- [Try it] Write each line out exactly, from the one containing "Furniture of America" through the final line of the data, and keep pictures out of the copy.

- [Dataset excerpt]
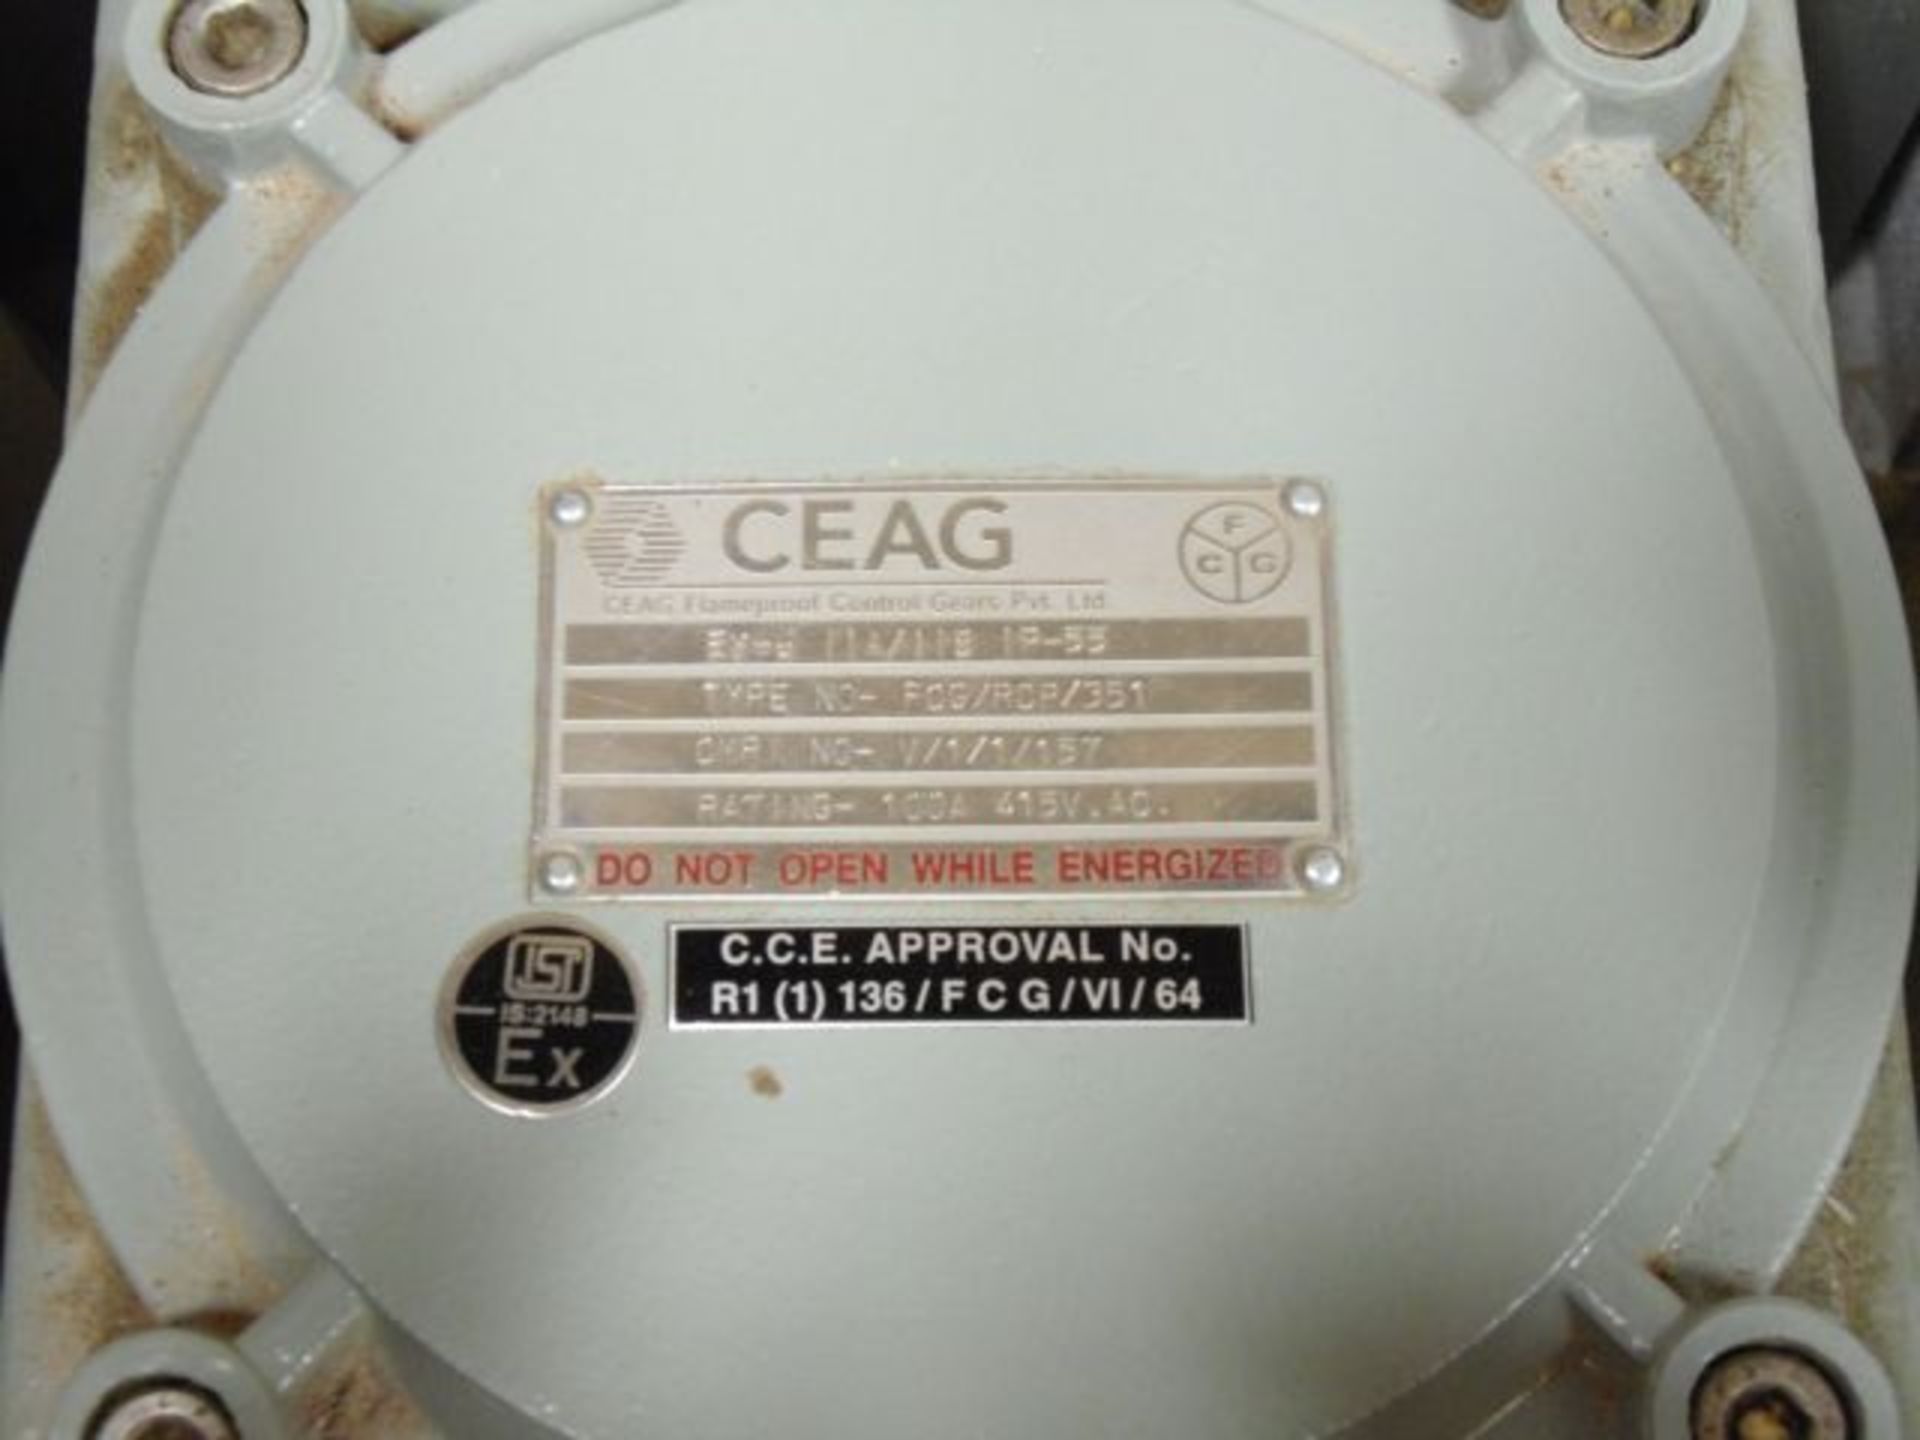 Unused Ceag Flameproof Control for 15 tonne Travelling Crane; EX-D 11a/11b 1P-55; Type no FCG/RCP/ - Image 2 of 2
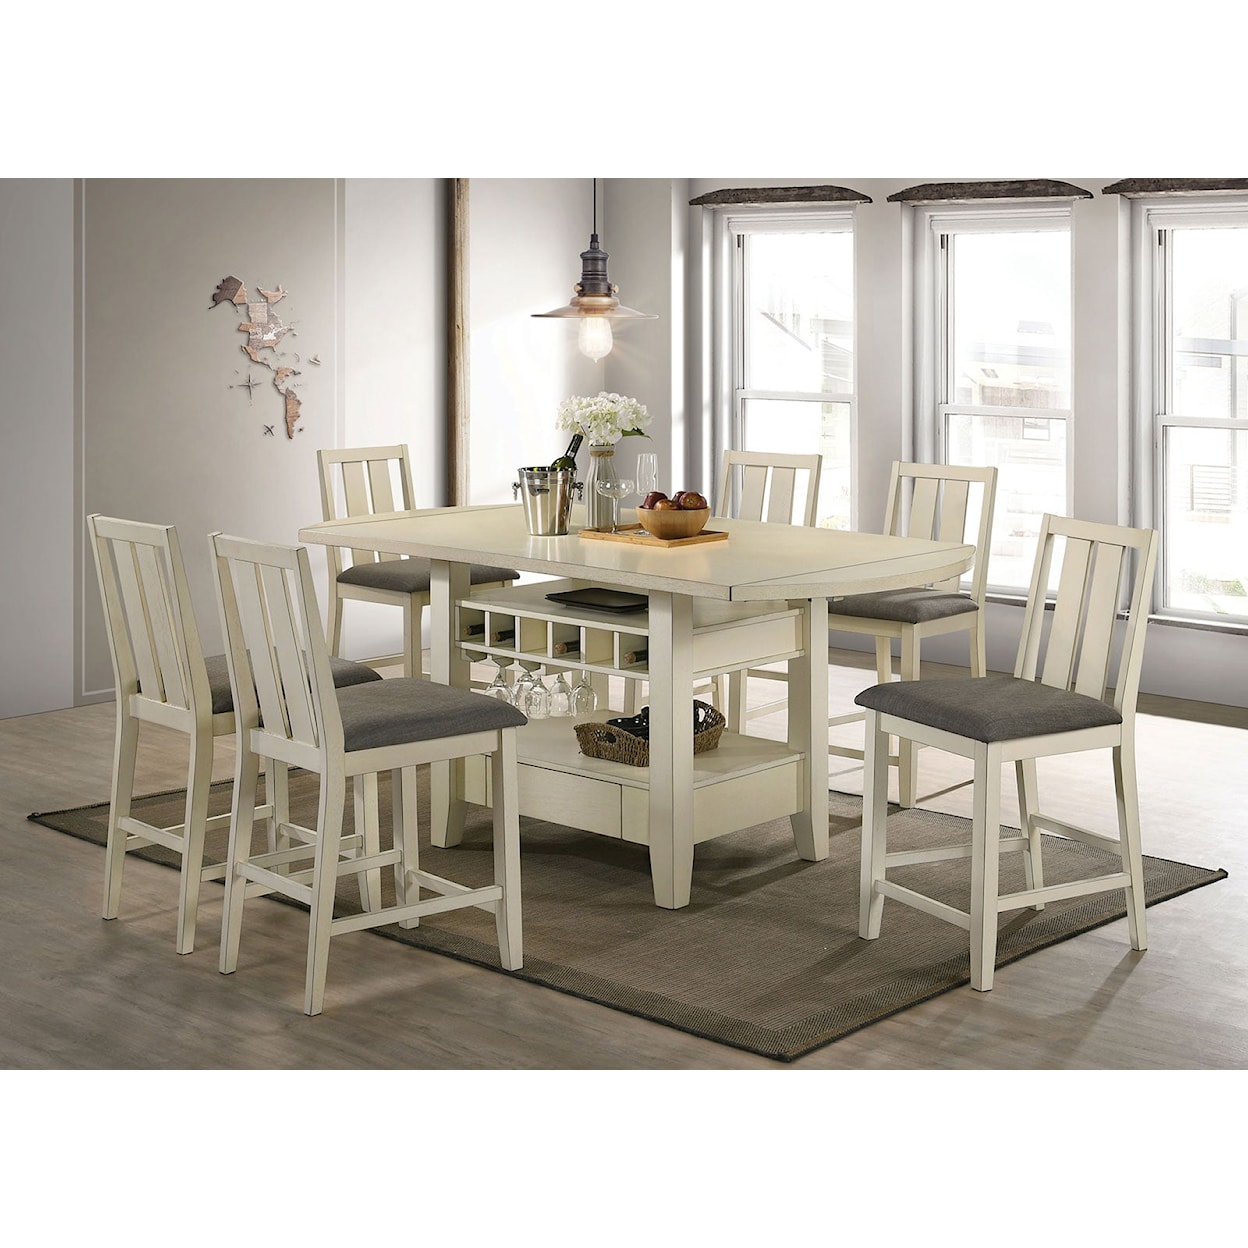 Furniture of America WILSONVILLE Counter-Height Dining Table with Storage
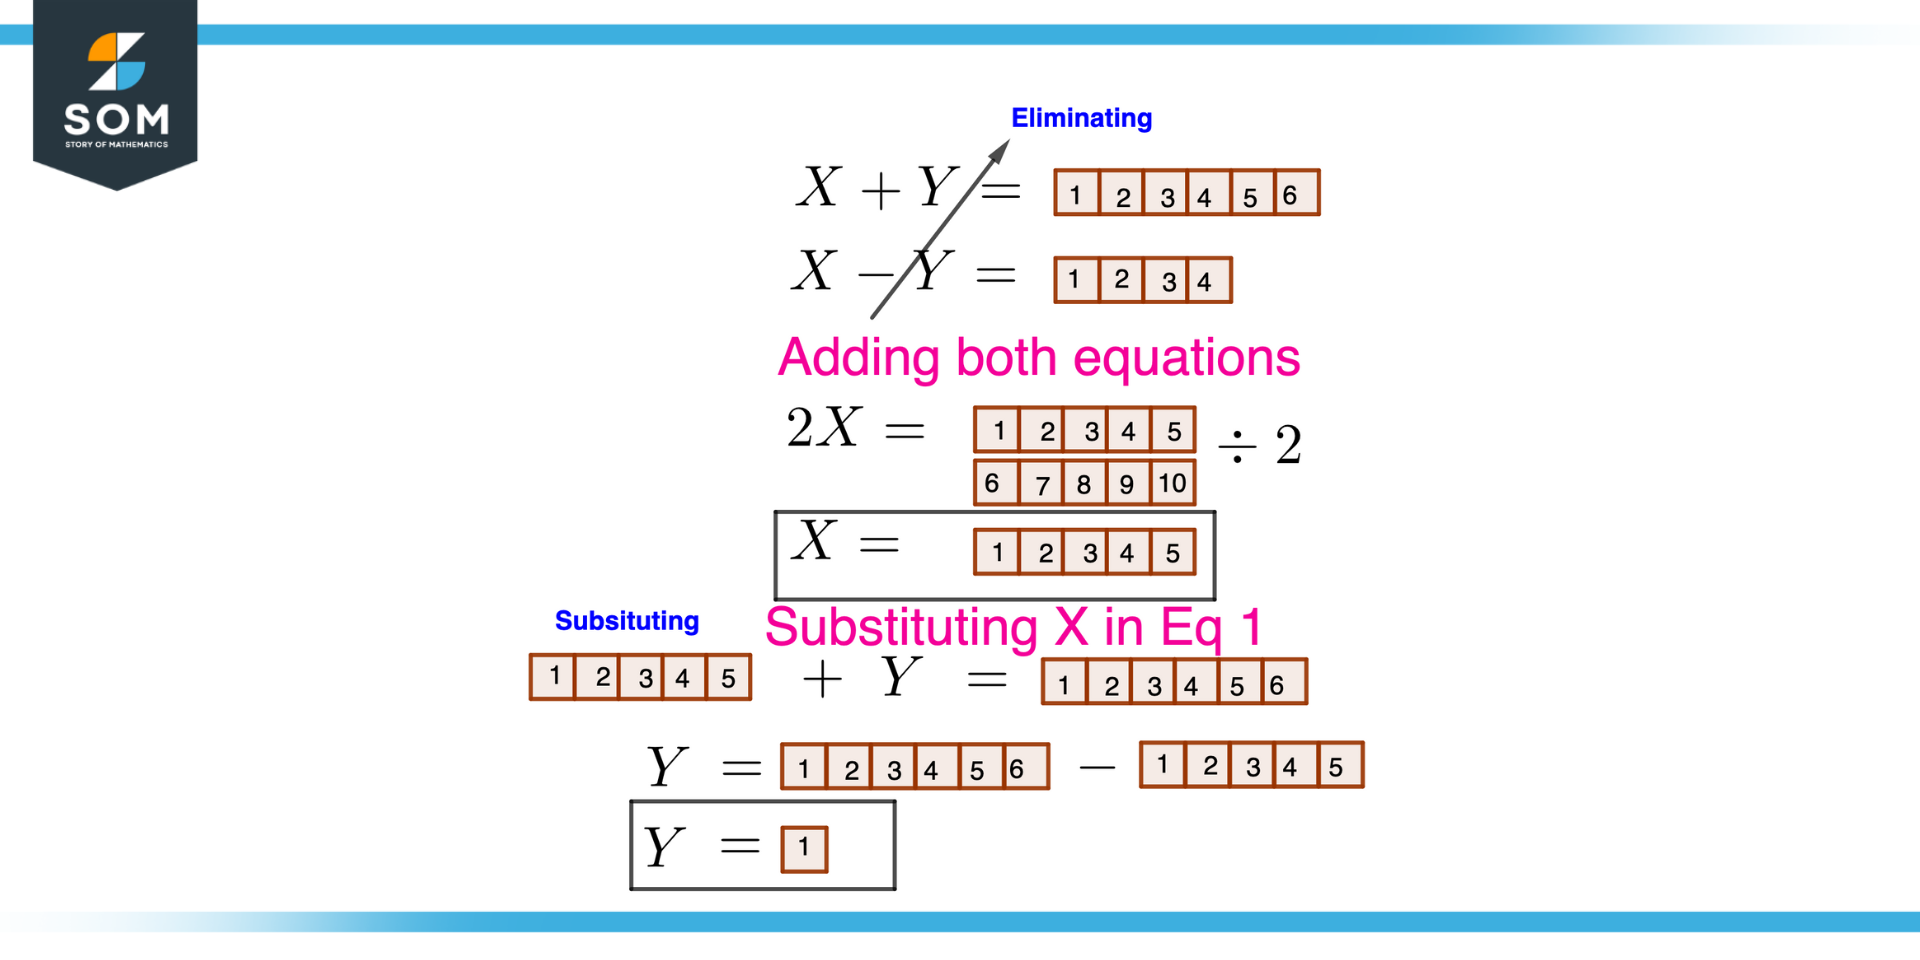 Eliminating and Substituting to get solution of equation

- [Answer to this exercise]
 Furniture of America WILSONVILLE Counter-Height Dining Table with Storage
 Eliminating and Substituting to get solution of equation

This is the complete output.